*** Opening of Collected material ***

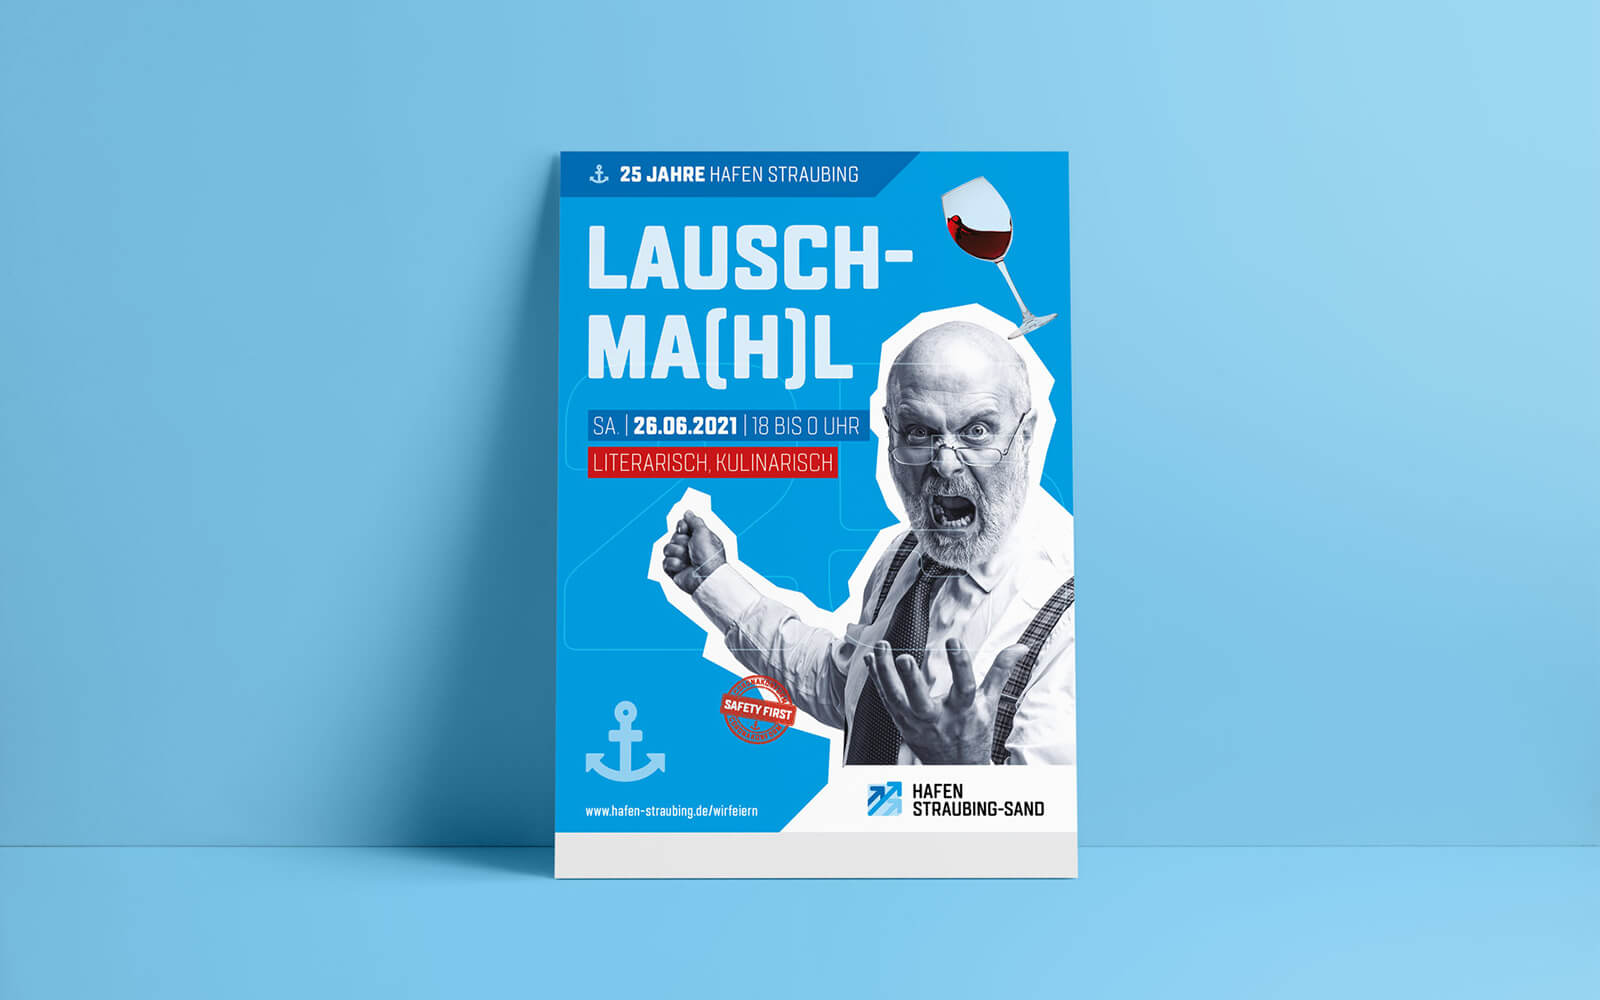 25 Jahre Hafen Straubing-Sand – Plakat Lauschma(h)l
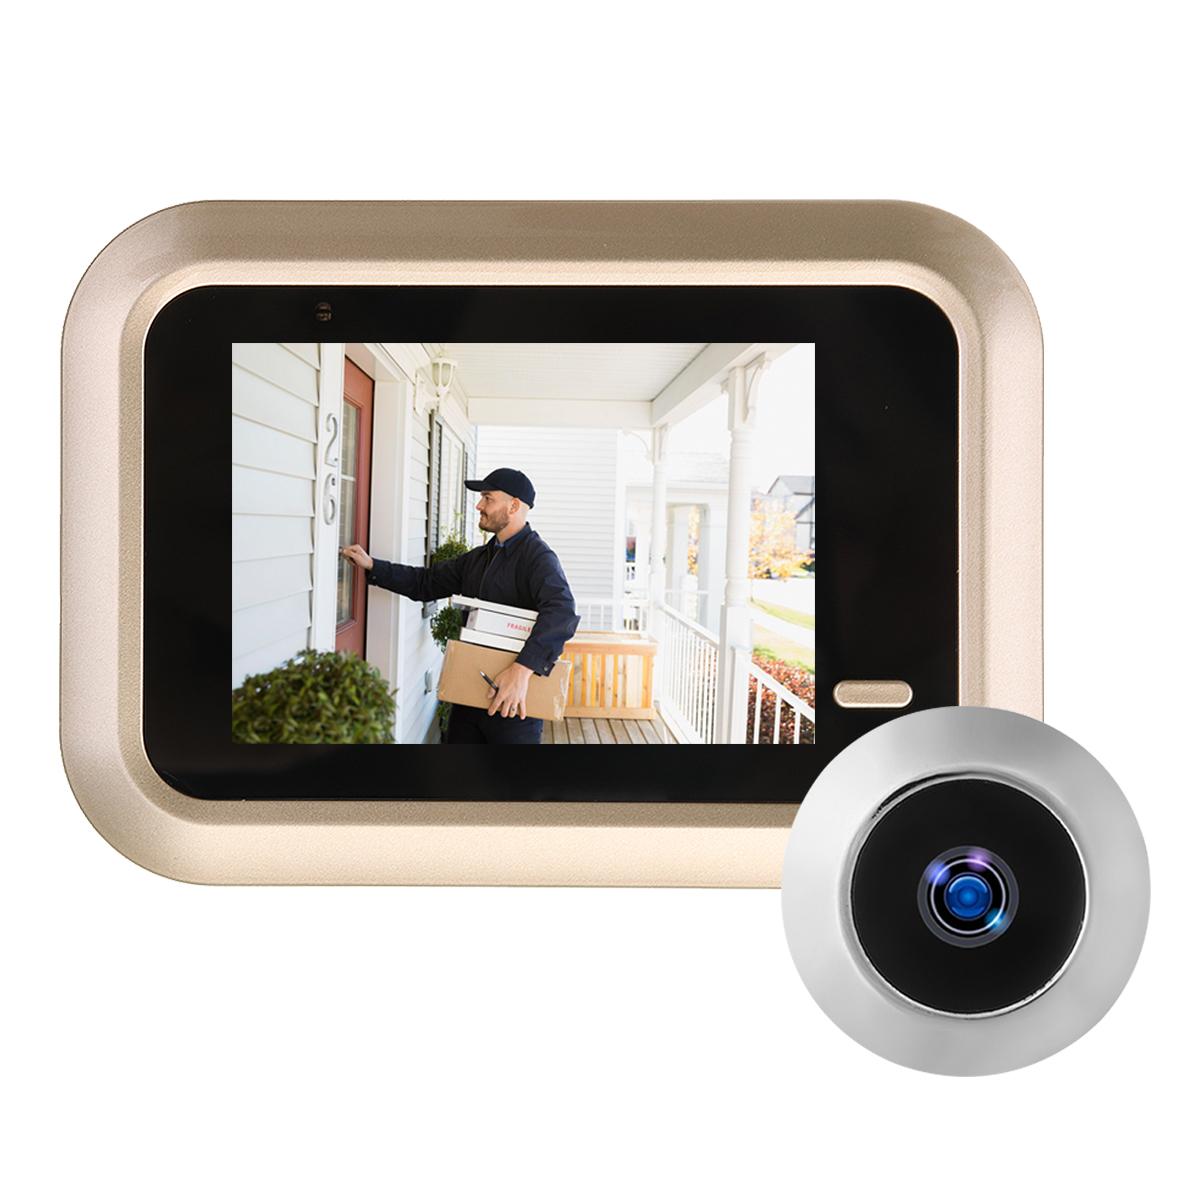 2.4 Inch LCD Digital Video Doorbell Viewer Peephole Security Door Eye Monitoring Camera
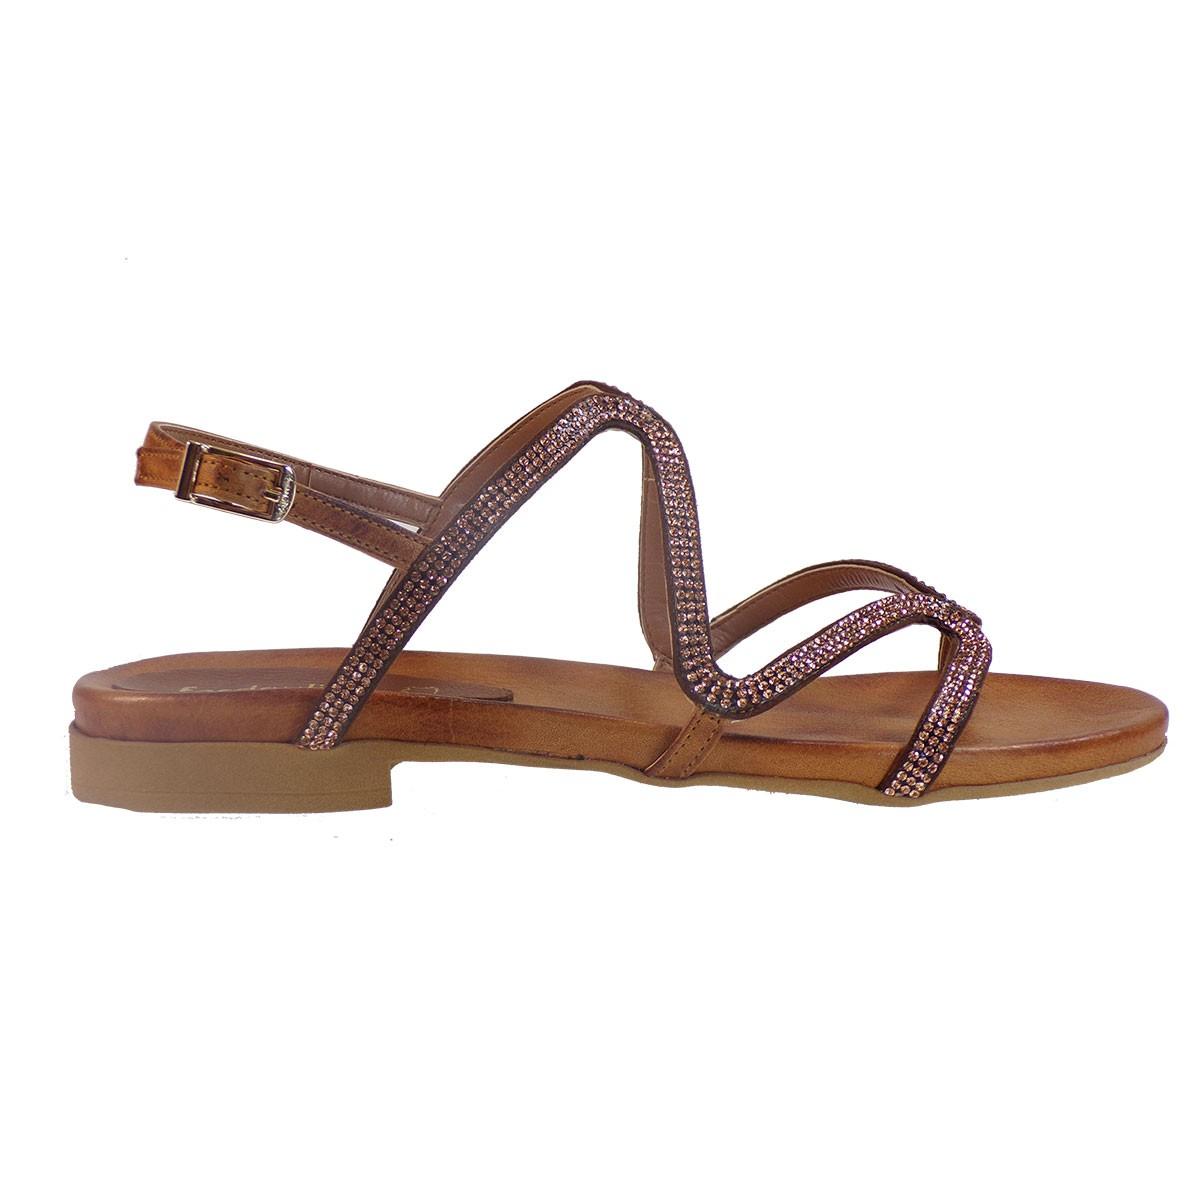 f9eb6f875d3 Fardoulis shoes Γυναικεία Παπούτσια Πέδιλα 32304 Ταμπά Δέρμα
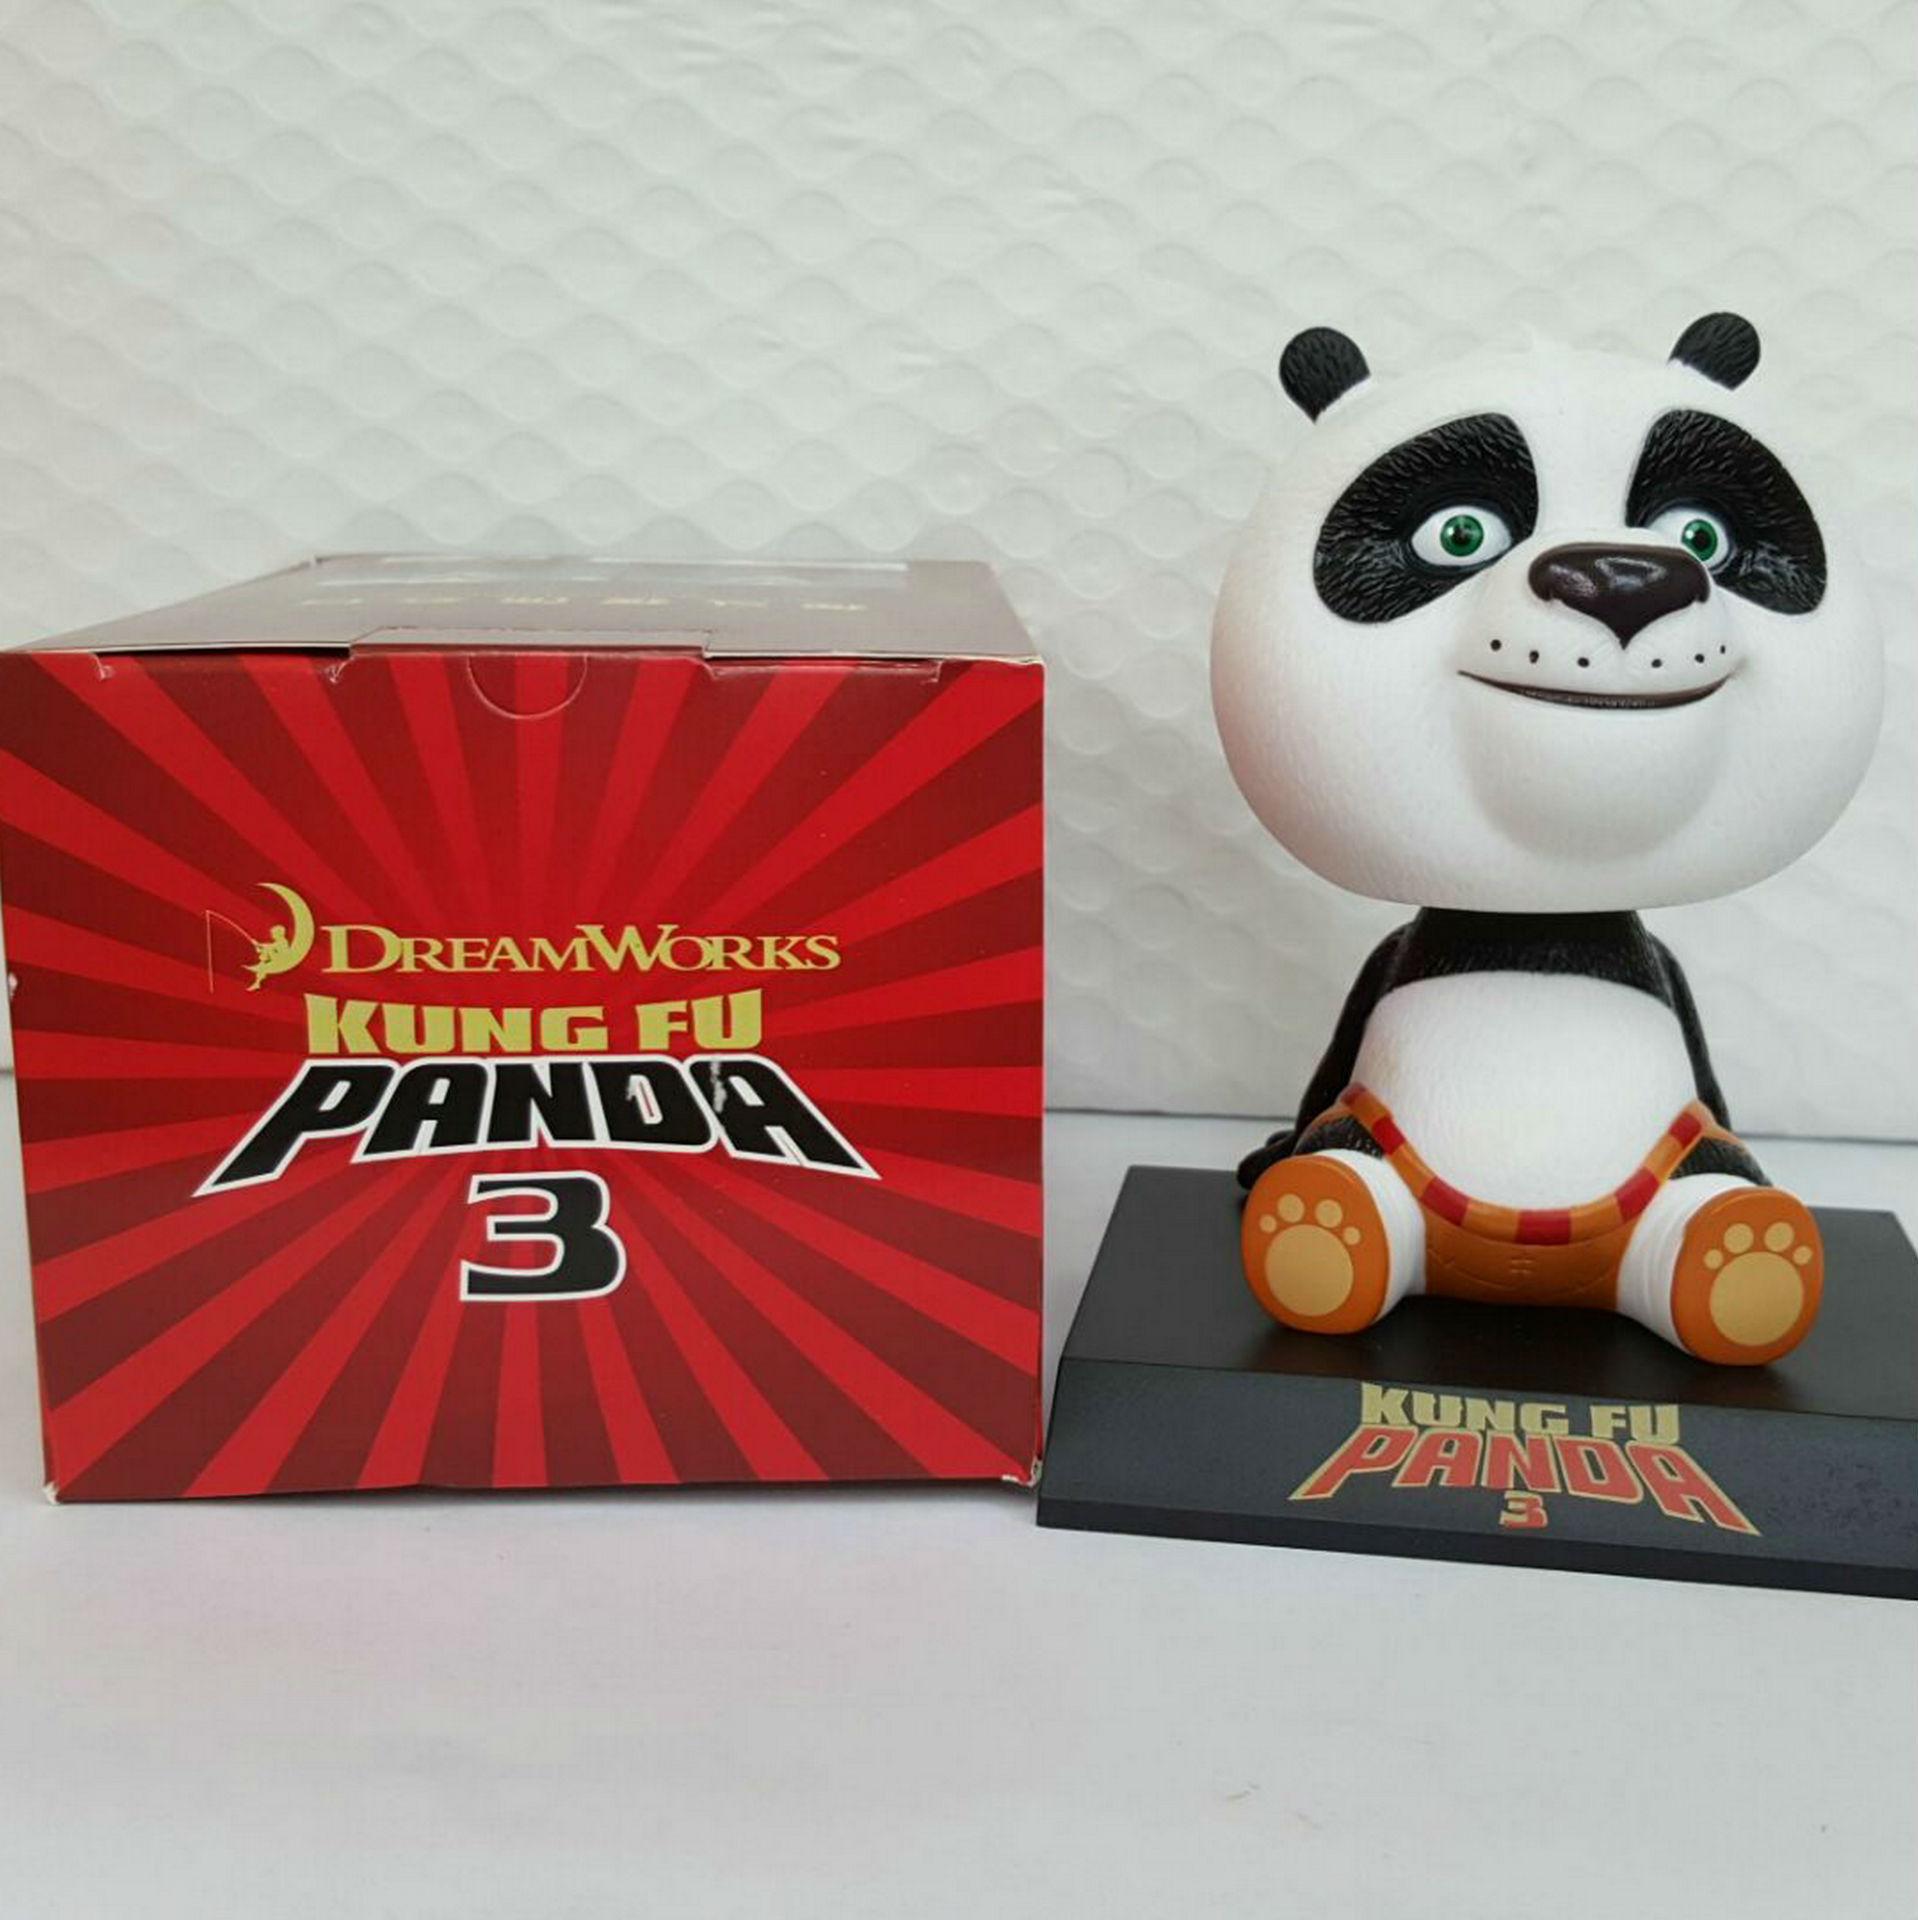 панда кунг-фу смотреть онлайн в хорошем качестве

*** Close of Collected material ***

# About this task:
What is needed is every line of the data above, set down exactly but with the images left out.

# Worked solution:
 25 Jahre Hafen Straubing-Sand – Plakat Lauschma(h)l
 2.4 Inch LCD Digital Video Doorbell Viewer Peephole Security Door Eye Monitoring Camera
 f9eb6f875d3 Fardoulis shoes Γυναικεία Παπούτσια Πέδιλα 32304 Ταμπά Δέρμα
 панда кунг-фу смотреть онлайн в хорошем качестве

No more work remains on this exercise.